Our experts' opinions, announcements and comments about software quality management. Do you have an opinion? We are interested, so share it with us!

Fifty Shades of Deep
By Arpad Beszedes, PhD The true depth of static analysis 14-08-2015

So, how deep is your static analysis anyway? Lexical, syntactic, semantic, or maybe it uses abstract interpretation? If you are confused about these words, don't worry: as a user of static analysis tools you might never need to understand the internal working of your favorite tool - as long as it delivers the defect reports you expect from it. Same as a driver, who does not need to understand how the engine works in order to drive his or her car. However, the driver must be aware of the capabilities of the vehicle before deciding to take it to rally racing, holiday trip with the family, or moving around in the city for quick shopping (and finding good parking places - arghh). And, yes, the price tag also matters.


With static analysis tools, you also need to fully understand what it can do for you and what it is not good for.

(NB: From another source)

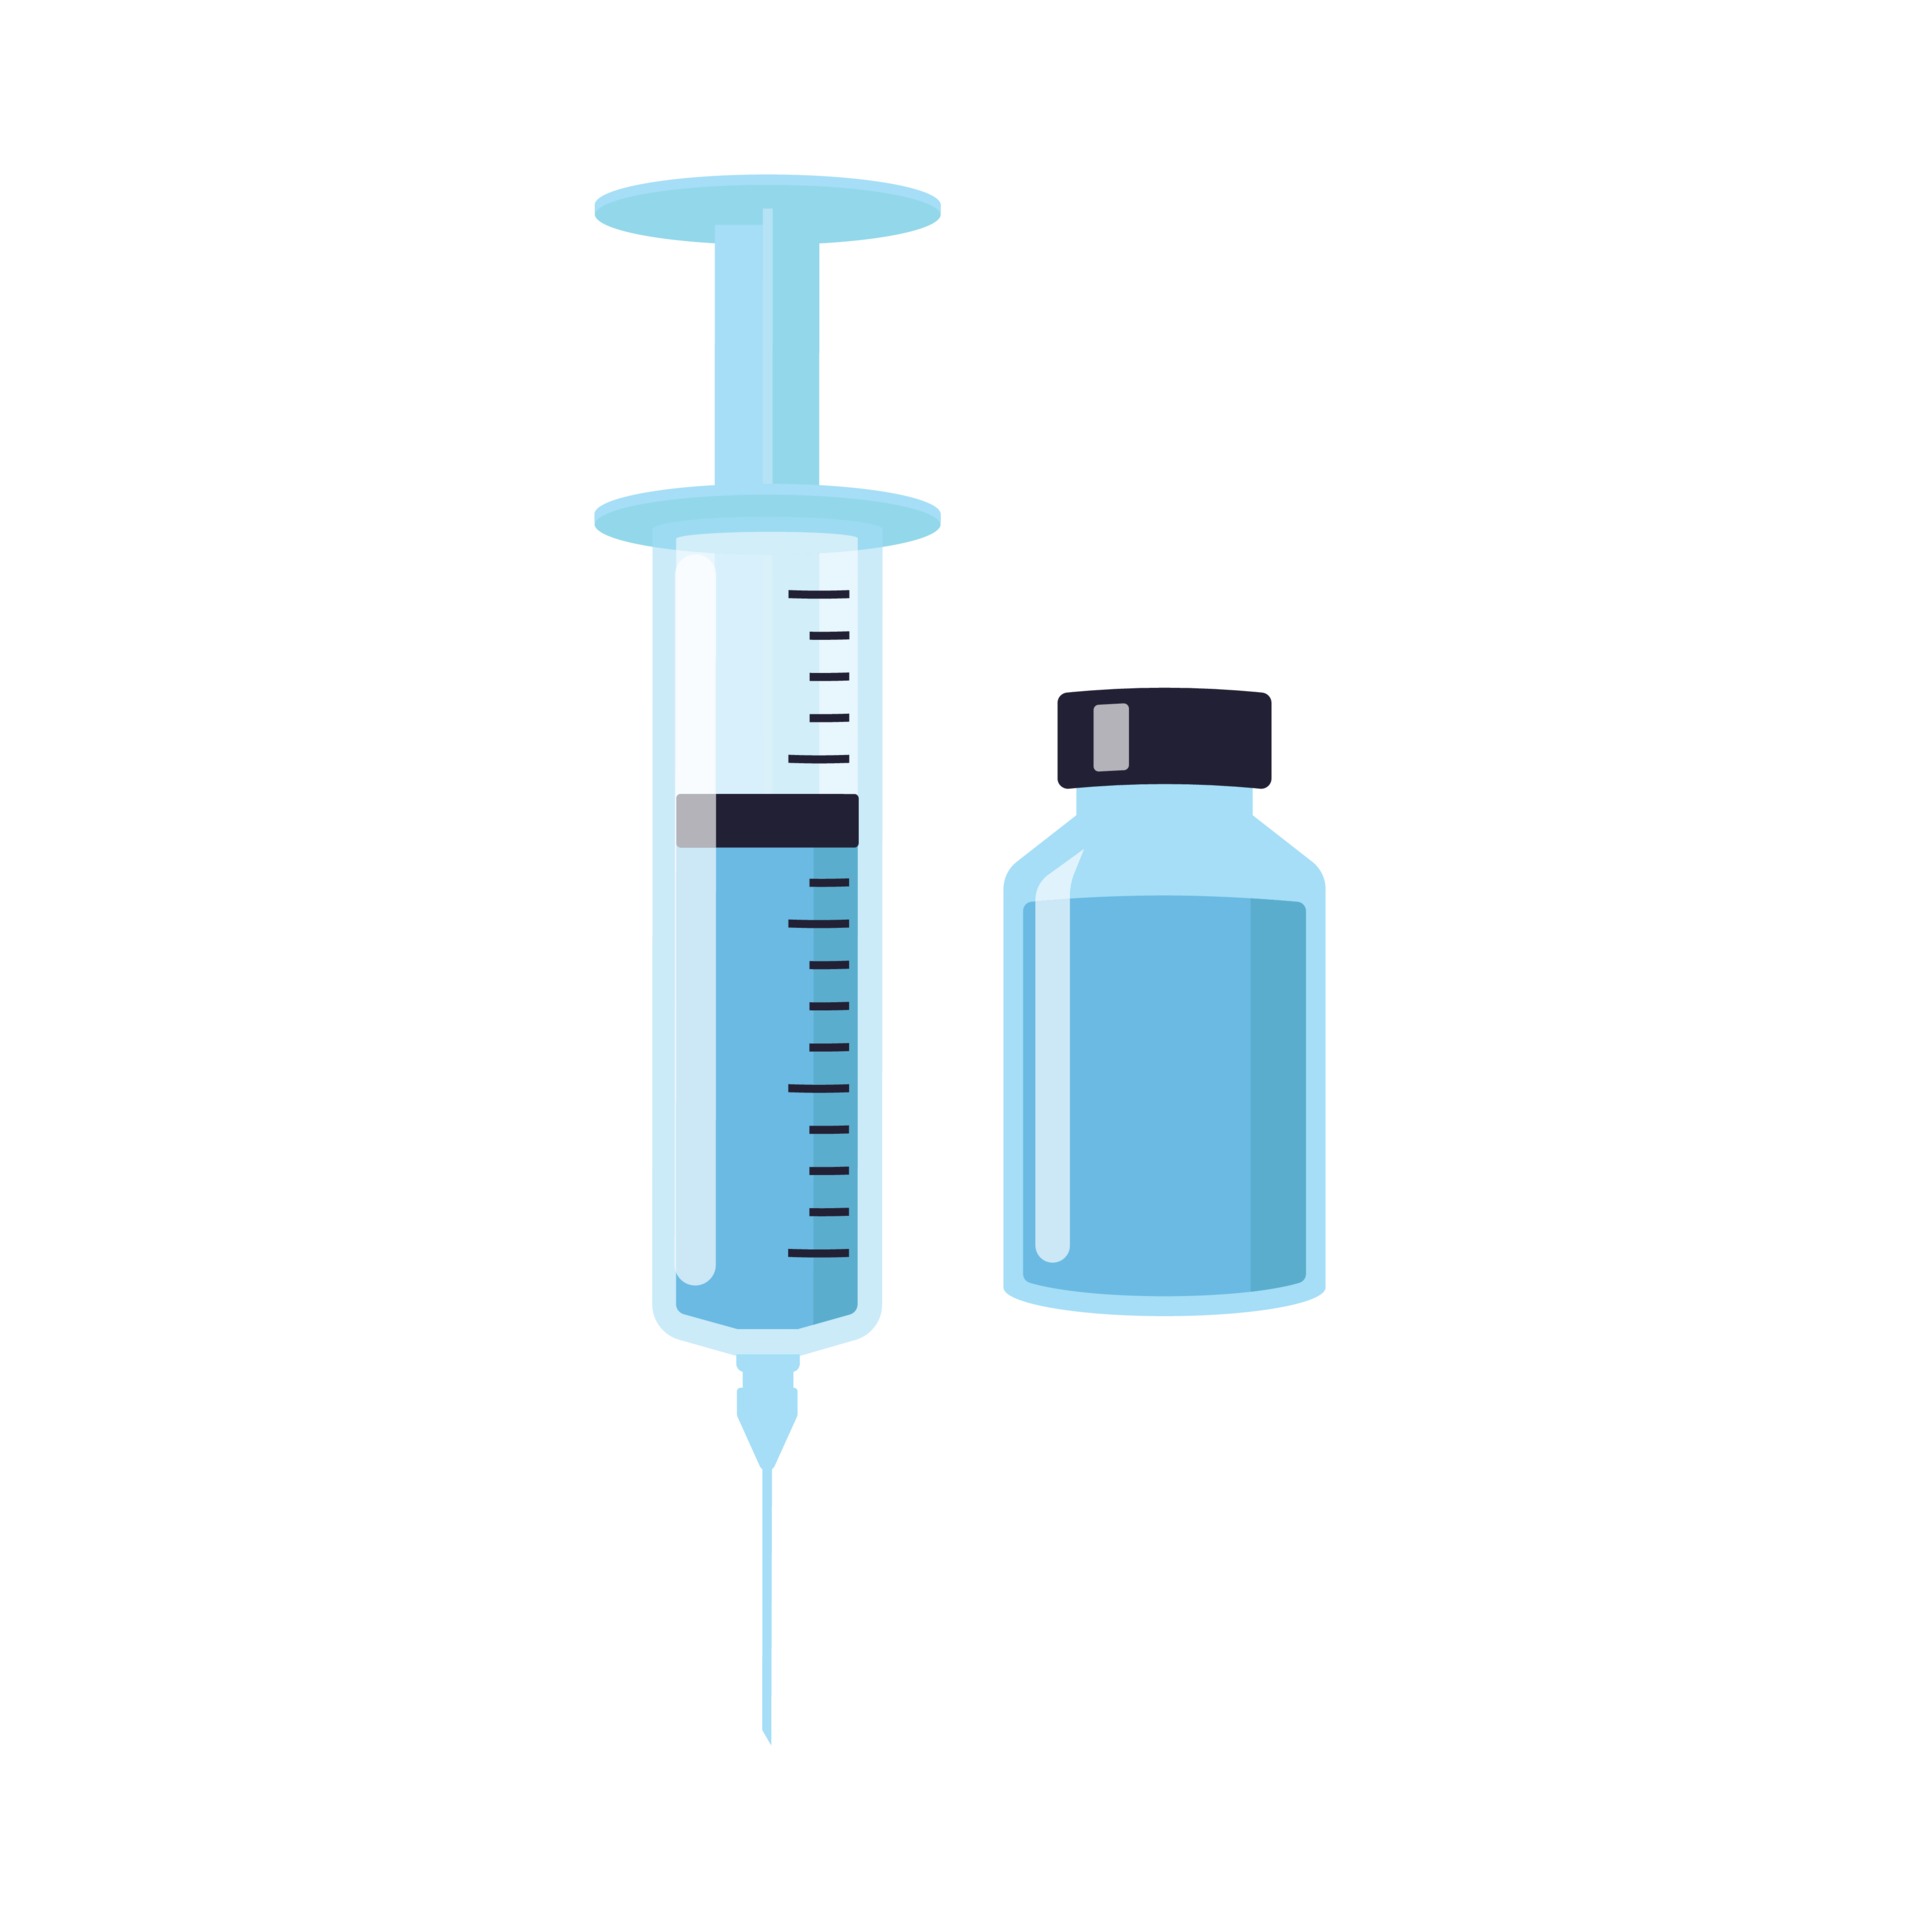 注射器和疫苗瓶插图0

If you are designing software for a space shuttle you want the most thorough analysis in order to find practically all defects lurking in the code (and you probably have the budget too). But, to quickly check your source code for an average web application against the most trivial defects or coding style issues at the end of the working day, a facile but sometimes imprecise (and probably free) tool is suitable most of the times.


There are many aspects by which tools can be classified, but the "depth" of analysis is probably the most simple tag to attach when the precision and thoroughness are to be expressed. Deep or Deepest? Some tools like to use these terms regarding their analysis to distinguish them "from the crowd". However, there is no universally accepted "depth scale", hence it is very difficult to objectively compare the capabilities of different tools in this regard. Frankly, analysis depth should only be regarded as a relative term, so a tool or algorithm could be "deeper" than the other; in other words, there should be a reference point when talking about "shallow" or "deep".

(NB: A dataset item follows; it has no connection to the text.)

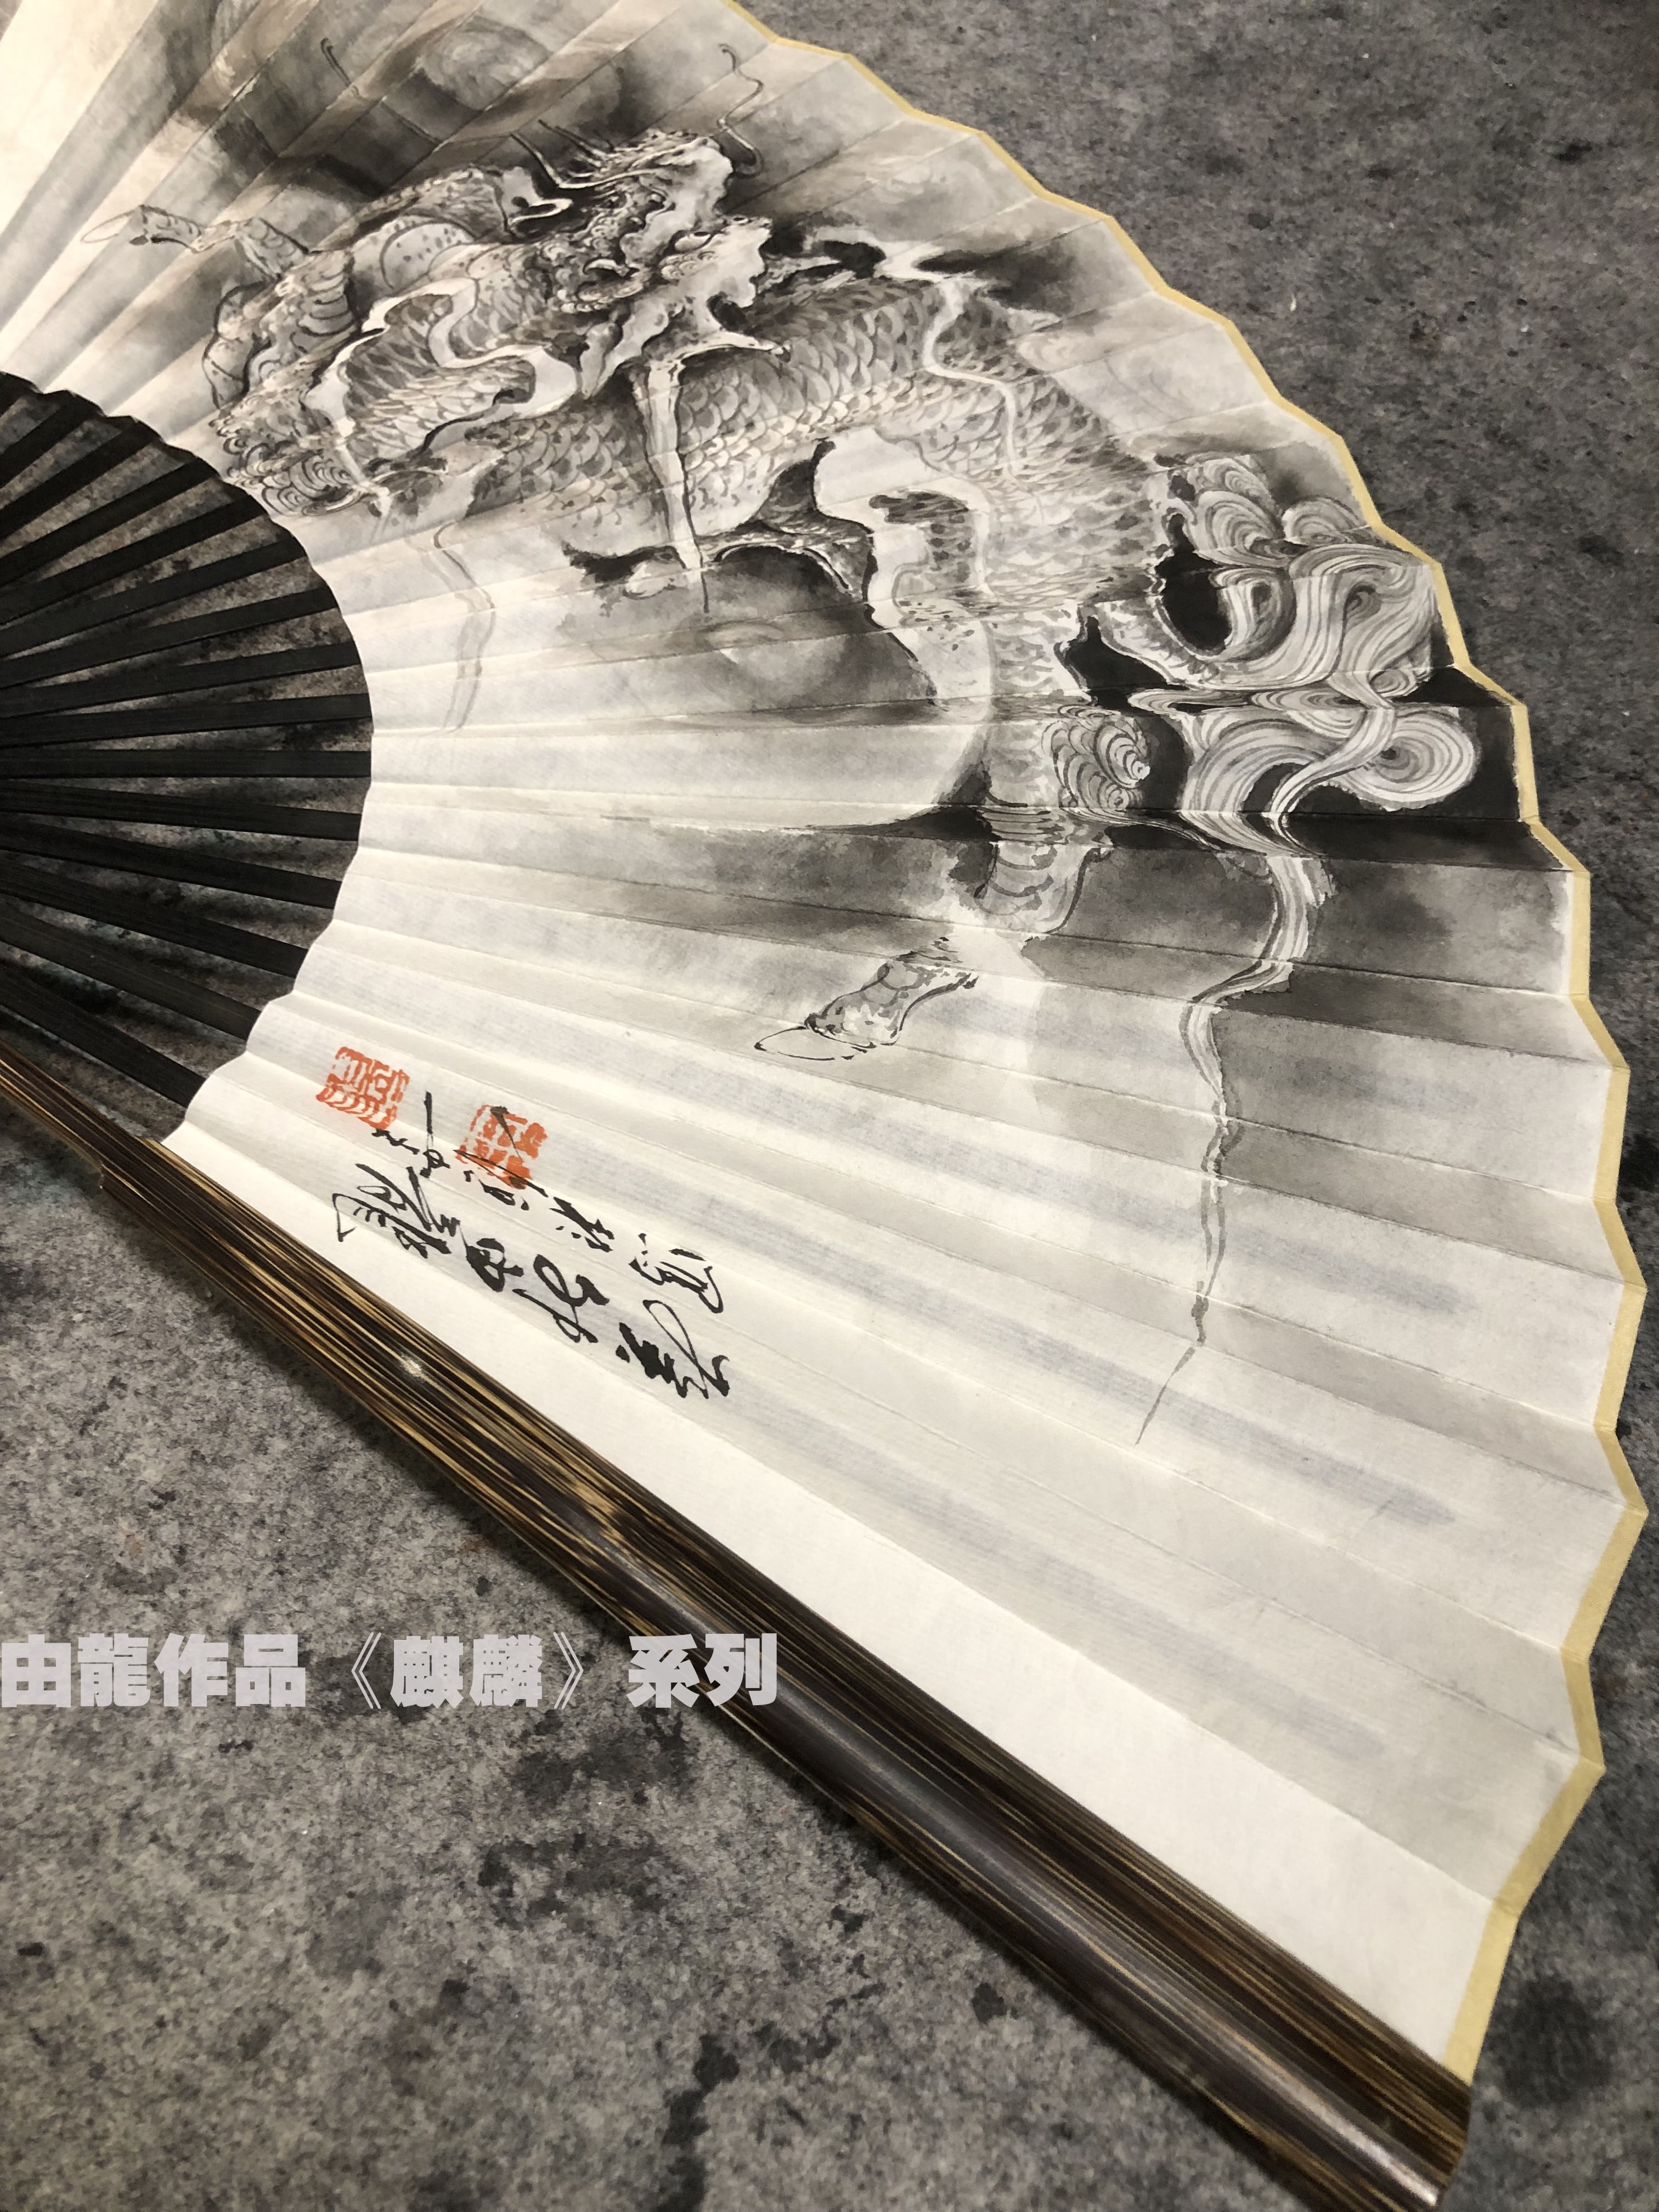 由龙：中华民族龙纹研究与工艺艺术品应用-环球科技热点

In the following, I will overview the current technological possibilities that static analysis tools of today are based on. I will start with the most shallow ones and then dive deeper. At the highest level, I will follow the fundamental analysis levels initially invented by compiler writers, but later used for other static analyses as well: lexical, syntactic, and semantic.



Lexical analysis


The simplest source code analysis approach is to read the code as plain text and identify different kinds of words such as numbers and identifiers (or tokens, in technical language) in a sequential order but don't care about any particular relationship among them. But even on this first level we have various options. A language independent analyzer would identify very general tokens like identifiers but will be unable to distinguish between language specific keywords, whereas a bit deeper analyzer will consider language (or dialect) specific tokens.


Properties: very fast, simple algorithms, immune to erroneous or incomplete code.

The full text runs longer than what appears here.